Advanced Micro Devices
announced the release of the AMD Phenom II X6 processor and AMD 890FX chipset,
intended for high-powered processes such as 3D visualization, on April 27. The
company also announced availability for the AMD Phenom II X6 1090T Black
Edition processor, which it claims as its fastest and most tunable
desktop-processor offering.
“With AMD Phenom II X6 processors, discerning customers can
build an incredible, immersive entertainment system and content creation
powerhouse,” Bob Grim, director of Client Platform Marketing for AMD, wrote in
an April 27 statement. “AMD is answering the call for elite desktop PC
performance and features at an affordable price.”
AMD Phenom II X6 processors have the ability to switch
between Turbo mode, which leverages two or three cores for functions such as
running productivity software, and six real cores for what the company calls
“core-hungry content creation and immersive 3D applications”—because rendering
in three-dimensions is now apparently for more than just movies with
nine-foot-tall, spear-brandishing smurfs.

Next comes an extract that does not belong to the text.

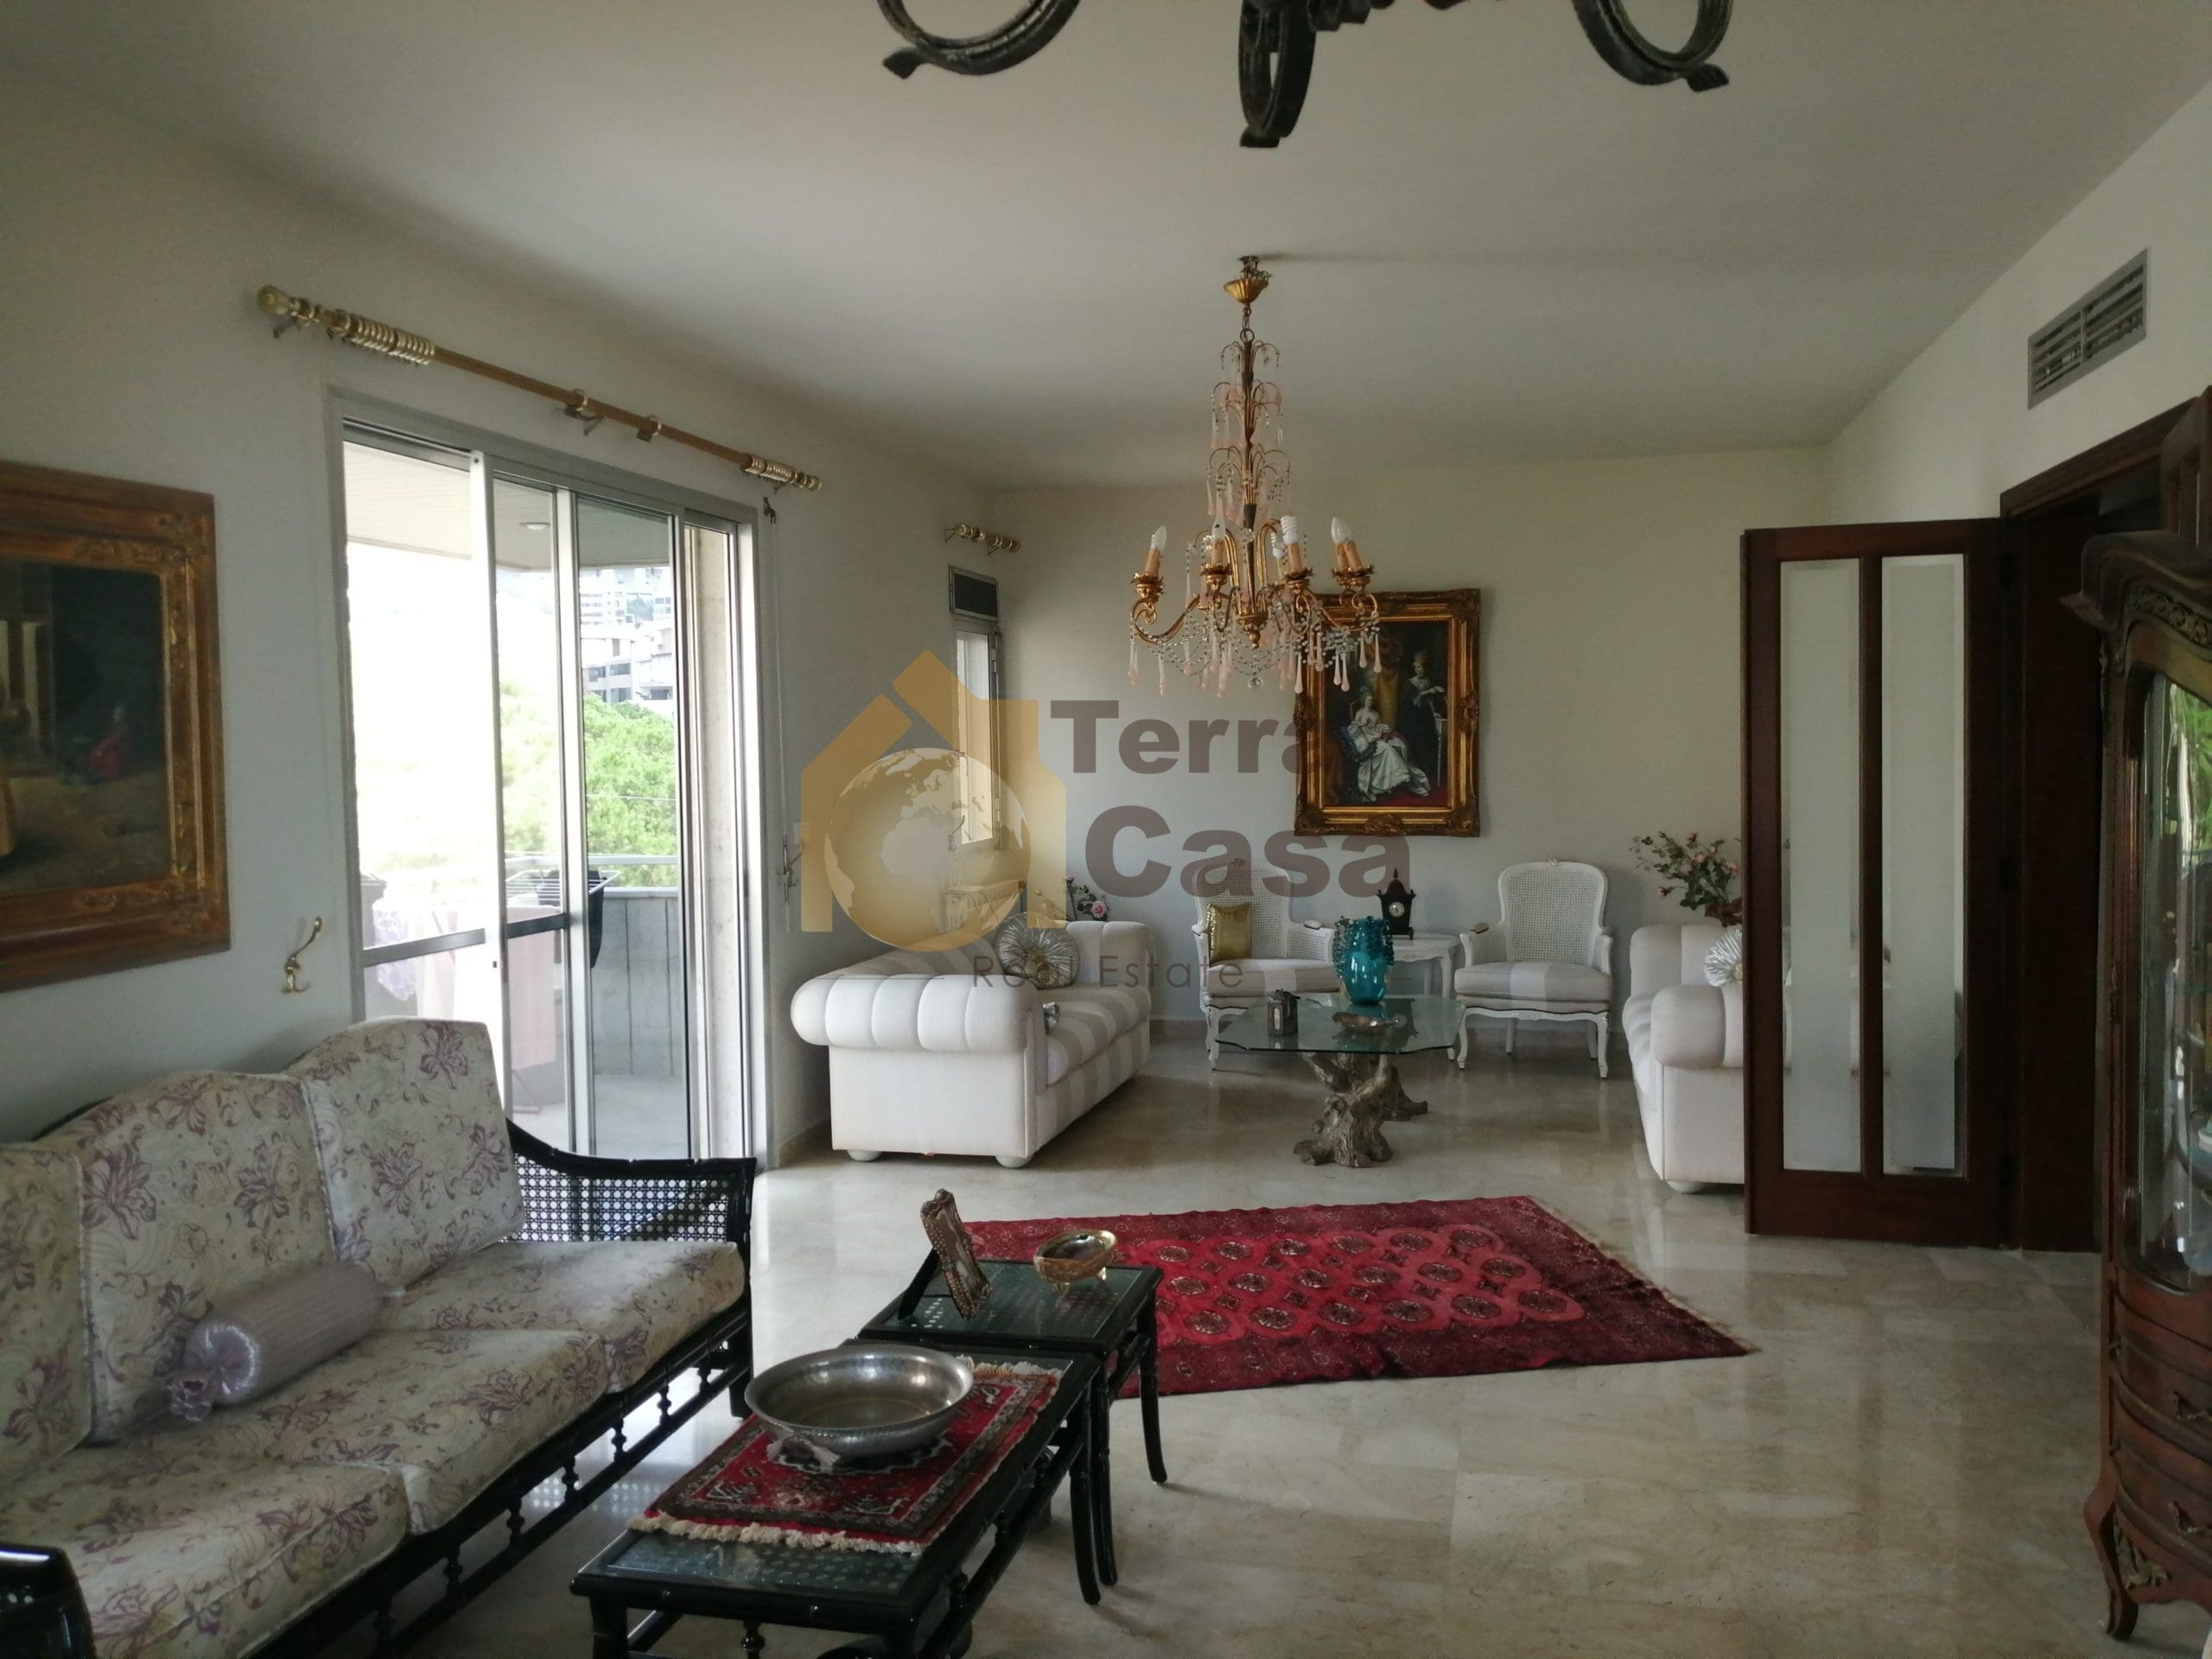 Apartment for rent in Beit el chaar fully furnished open sea view one unit per floor.

The AMD Phenom II X6 1090T
processor runs at 3.2GHz and offers a total of 3MB of L2 cache along with 6MB
of L3 cache. The chip offers four processing cores and is built on AMD’s
45-nanometer manufacturing technology. The chip works within a 125-watt thermal
envelope.
The processors work with existing AM3 and AM2+ socket
motherboards, provided for proper BIOS support, and can be paired with AMD
OverDrive 3.2.1 to tune performance. Complementing the AMD Phenom II X6
processor is the AMD 890FX chipset, which “is ready for up to four ATI Radeo HD
graphics cards and award winning ATI EyeFinity multiple-display technology.”
The AMD 890FX with SB850 chipset includes an SATA 6Gb/s hard drive interface
along with Gigabit Ethernet, HyperTransport 3.0 technology, and PCI Express
Generation 2.0.
AMD
reported $1.57 billion for the first quarter, its second profitable one in
a row after 12 consecutive quarters of losses. The company reported sales of
more than 6 million graphics units supporting Microsoft’s DirectX 11
technology, and both Acer and Lenovo using AMD chips in their respective
servers and notebooks. Overall, AMD’s graphics business experienced 88 percent
growth, year-over-year, while its Computing Solutions division grew by 23
percent during the same period.
AMD rival Intel also announced strong first-quarter revenues
of $10.3 billion, indicating that consumer appetite for processor-powered
devices is perhaps on the rise.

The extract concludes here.